Something about it feels wrong. It feels wrong because the data set that the analyst is using for other purposes is almost always mismatched to the format that the data needs to be in to make the plot effortless. Here’s what I mean, let’s say I’m working with our bestest friend, the Palmer penguins data. It looks like this:
# A tibble: 344 × 8
species island bill_len bill_dep flipper_len body_mass sex year
<fct> <fct> <dbl> <dbl> <int> <int> <fct> <int>
1 Adelie Torgersen 39.1 18.7 181 3750 male 2007
2 Adelie Torgersen 39.5 17.4 186 3800 female 2007
3 Adelie Torgersen 40.3 18 195 3250 female 2007
4 Adelie Torgersen NA NA NA NA <NA> 2007
5 Adelie Torgersen 36.7 19.3 193 3450 female 2007
6 Adelie Torgersen 39.3 20.6 190 3650 male 2007
7 Adelie Torgersen 38.9 17.8 181 3625 female 2007
8 Adelie Torgersen 39.2 19.6 195 4675 male 2007
9 Adelie Torgersen 34.1 18.1 193 3475 <NA> 2007
10 Adelie Torgersen 42 20.2 190 4250 <NA> 2007
# ℹ 334 more rows
This data makes sense. It is tidy. There is one row per penguin, and one column per measurement. We love data in this format. But suppose I wanted to draw a scatterplot matrix, to visualise the relationships between bill length, bill depth, flipper length, etc, perhaps with each penguin species plotted in a different colour. Intuitively what I want to do in ggplot2 is treat each separate pairwise plot as a facet, and then use something like facet_grid() to give me a plot that looks like this:
However, you can’t easily do this with ggplot2, not with the penguins data in its current form. So what people (including me) usually do, because life is short and scatterplot matrices suck, is fall back on a canned solution like GGally::ggpairs() to do the work. As much as I respect the amount of work that has gone into this function – and I really do it’s awesome – it is essentially a canned plot, and it suffers from the inherent problem that attaches to all canned plots. Whenever you want something that isn’t already catered to by one of the various customisation features supplied the plot function, you’re forced to adopt horrible hacks.3 On many occasions when I have used ggpairs() I’ve found myself diving into the source code to try to work out precisely what kind of plot object it produces, just so that I can tinker with one tiny little thing that is specific to my use case that (quite understandably) the authors of GGally were unable to predict in advance.
It is very frustrating, and for years I have thought that there must be a better way. It turns out that there is, and it’s not very hard. All you have to do is stop thinking of this as a visualisation problem and instead think of it as a data wrangling problem. As is so often the case in life, once you think about the problem in the right terms, it becomes sooooooo much easier to solve.
The desired functionality
Let us imagine, for the moment, that we had a function called pivot_pairwise() with arguments similar to those in the lovely tidyr::pivot_longer() function. It would have arguments like these:
pivot_cols provides a tidy selection of columns. These columns are the ones that we need in “pairwise” format. That is, for each penguin we want one row for each pair of measurements: there would be one row for the combination of bill_len and bill_dep, another row for the combination of bill_leng and flipper_len, and so on.

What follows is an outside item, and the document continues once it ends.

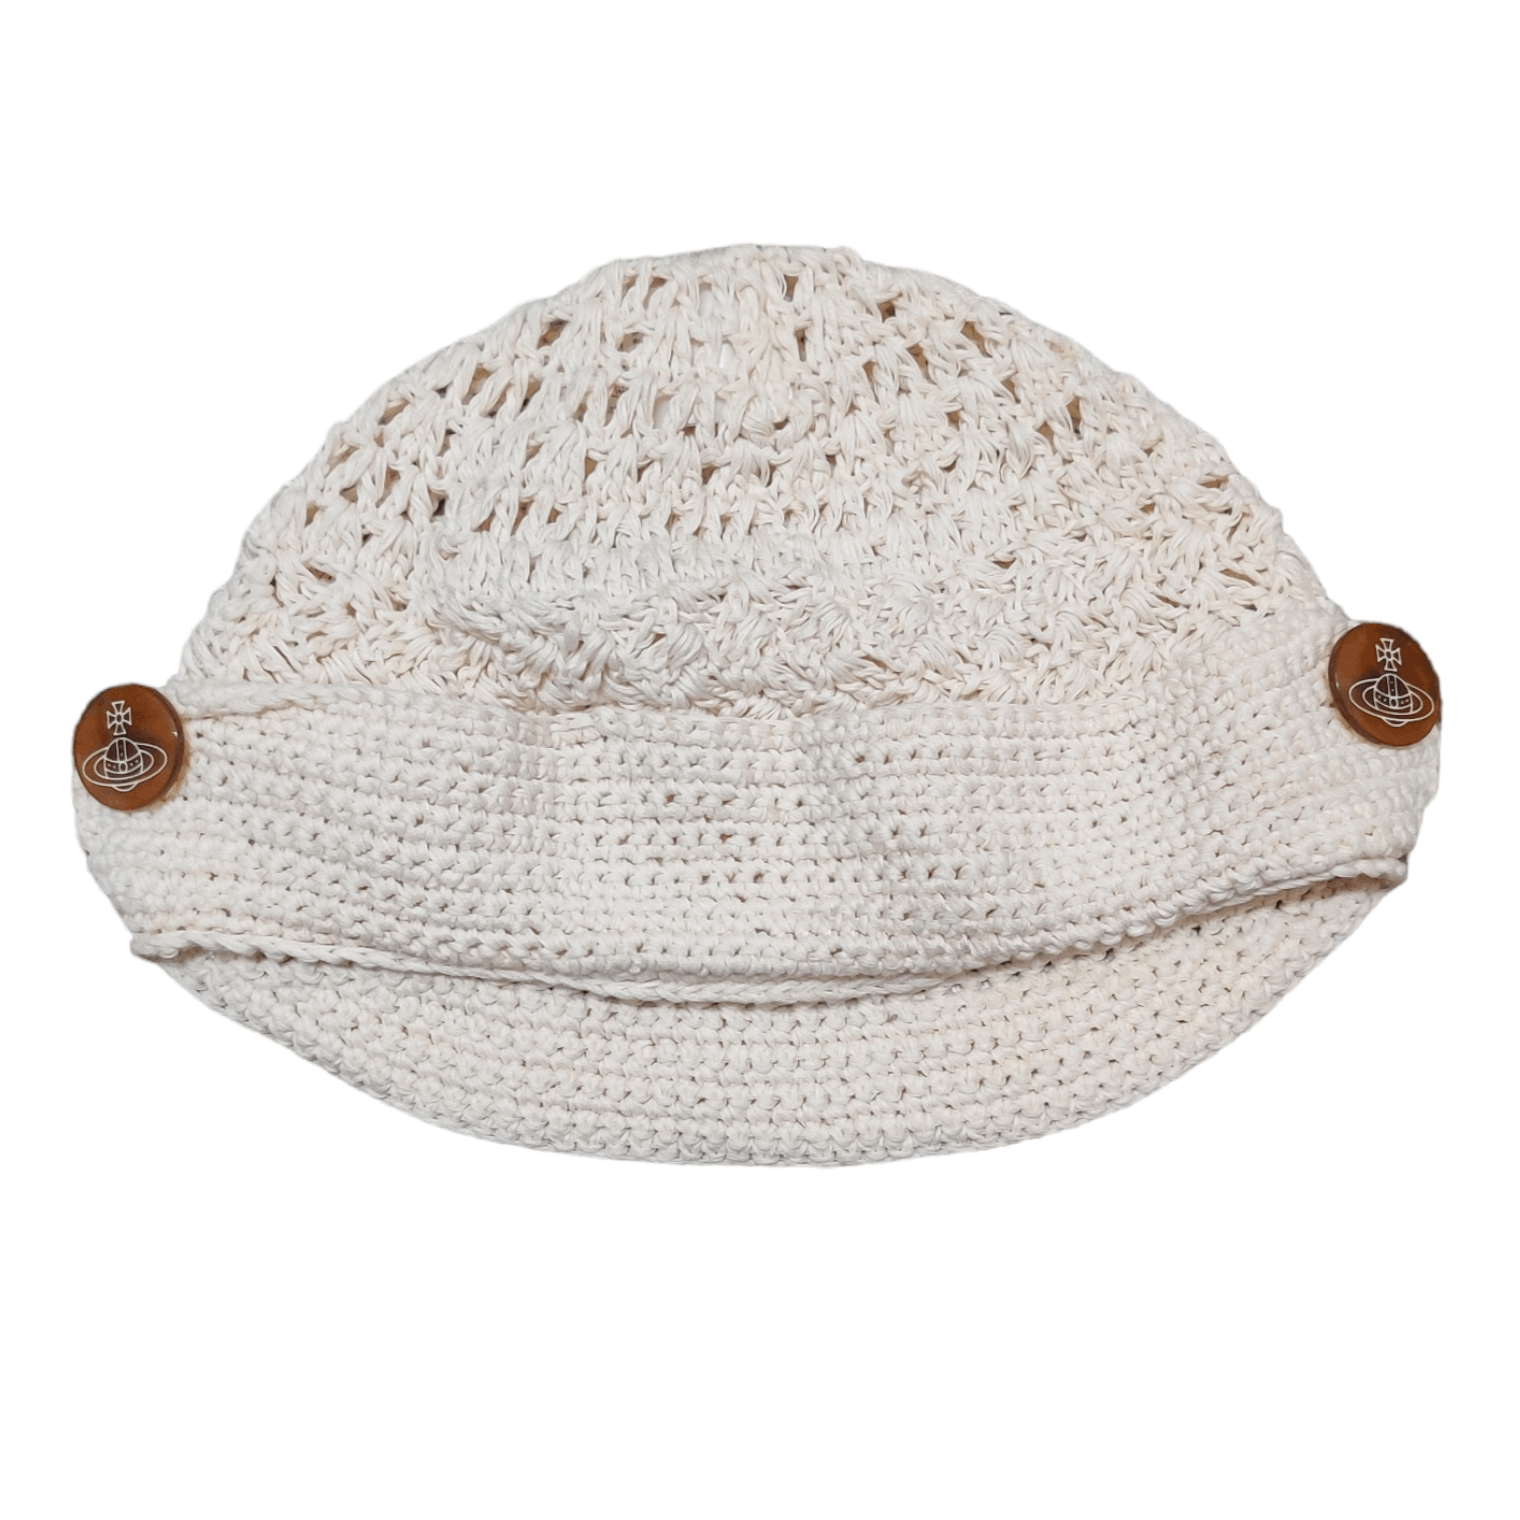 Vivienne Westwood Knitted Hat - 6

other_cols is also a tidy selection of columns, but this time for those variables that you will want to use in your plot but aren’t actually part of the “pairwise” specification. In our example, species is the only one we need: later on we will want to colour each dot by species, but it’s not one of the rows or columns in our scatterplot matrix
Because each penguin will now correspond to many rows there would be a row_id argument that specifies the name of a newly-inserted column that would be used as an identifier for each individual penguin
There would also be names_to and values_to arguments, which work much the same way the same arguments in pivot_longer() work. We would use names_to to specify the name of the column that stores the variable names, and values_to would be a string specifying the name of the column storing the measured values for each variable.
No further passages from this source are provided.